Segundo Dino Viola, o clube deveria fazer o impossível para perseguir o sonho continental. Para se juntar a Milan e Internazionale no grupo de campeões europeus, valeria tudo. Até mesmo pagar ao árbitro francês Michel Vautrot para ser mais leniente com a postura dos giallorossi em campo.

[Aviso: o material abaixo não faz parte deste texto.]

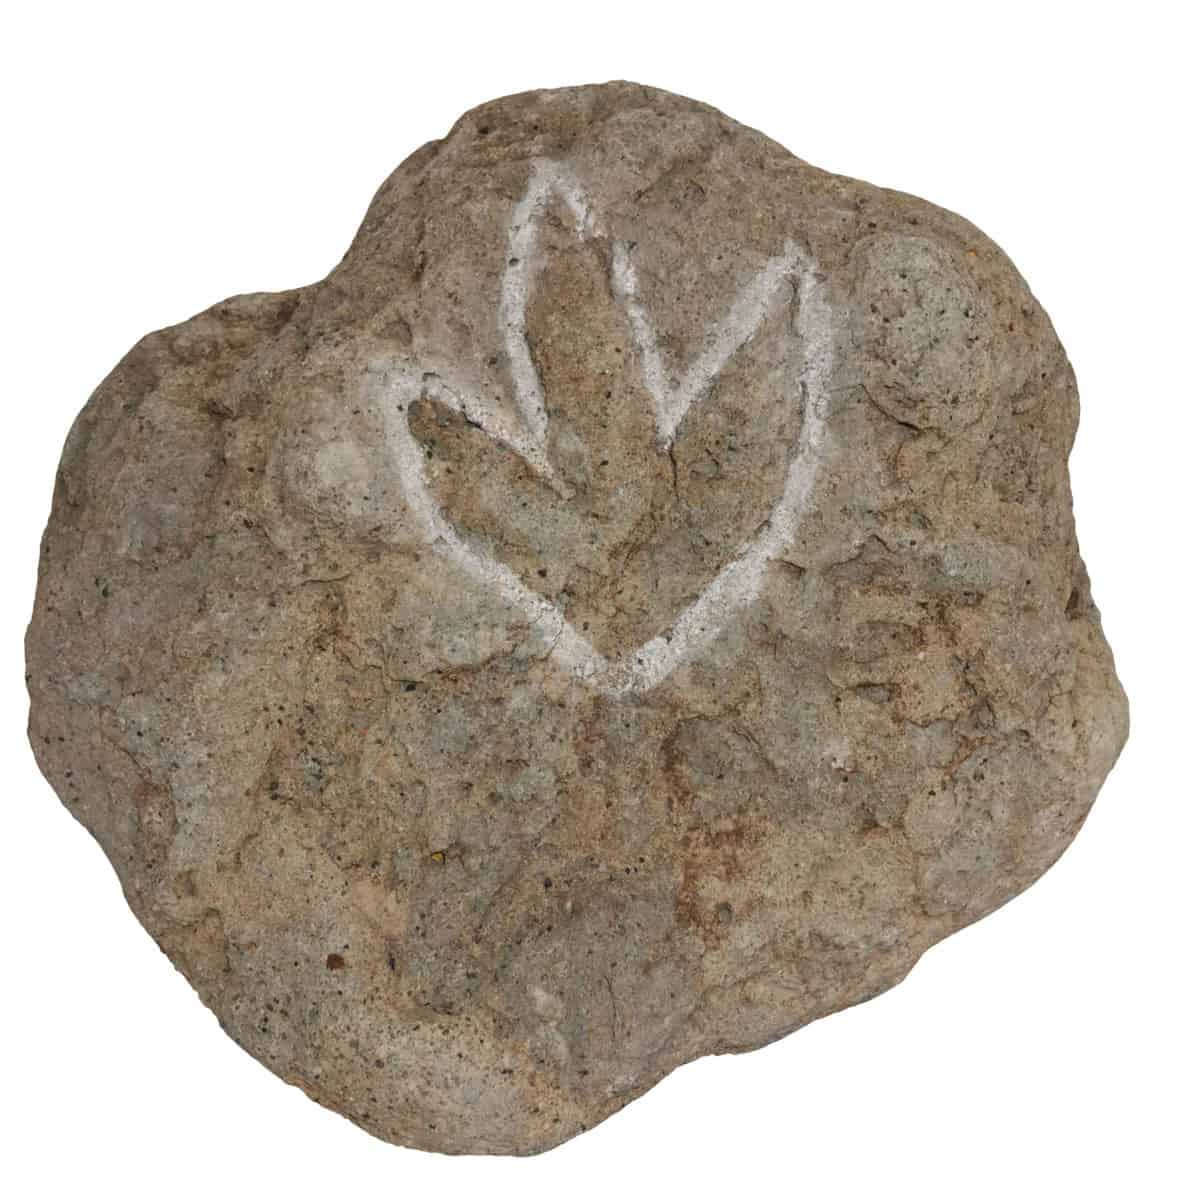 Rocks Resources IMG_20200507_095719 dinosaur footprint on display at Folkestone Museum

Graças a um contato de um cartola do Genoa, Spartaco Landini, que se dizia conhecido de Vautrot, Viola estava a apenas um telefonema de confirmar o suborno. Landini pediu 50 mil libras

Vautrot (centro), entre Gullit e Dasaev, antes de apitar a final da Euro 1988

para realizar a operação. Um jantar em um restaurante romano selaria a negociação. Tudo arquitetado por terceiros.

Apesar de buscar um atalho para a final, a Roma não precisou da arbitragem favorável como planejava no jogo de volta. O único lance controverso foi um pênalti cometido pelo goleiro Hamish McAlpine em Roberto Pruzzo. Minutos antes, Cerezo havia sido puxado pelo calção dentro da área, mas Vautrot mandou seguir. Além das justas acusações de que o jogo foi vendido, o clima no Olimpico estava tóxico. Pilhados por uma suspeita de que o Dundee jogou dopado na primeira partida, os romanistas entraram para matar. Após o apito final, com a missão cumprida (o placar sinalizando 3 a 0, preenchido duas vezes por Pruzzo e outra pelo capitão Agostino Di Bartolomei), houve cusparada, socos e xingamentos dos italianos direcionados à delegação do Dundee, que teve de ser escoltada para os vestiários. A Roma avançou. Sem ajudinha, diga-se.

Na final, contra os Reds de Liverpool, um empate em 1 a 1 levou a decisão para os pênaltis. A Roma, que teve a honra de jogar a decisão em casa, perdeu diante de sua torcida e também ganhou um trauma para chamar de seu, inclusive com a morte do capitão Di Bartolomei, exatos dez anos após a derrota. Coisas do futebol. Ou karma, para determinadas crenças. Riccardo Viola, filho de Dino, revelou em 2011 que a proposta de suborno era verdadeira, mas que a tentativa falhou. Vautrot jamais recebeu qualquer valor. O que se sabe é que os intermediários ficaram com o dinheiro e deram no pé. No fim, o Dundee ficou sem a final britânica e a Roma sem o título europeu. Cada um sabe da sua dor.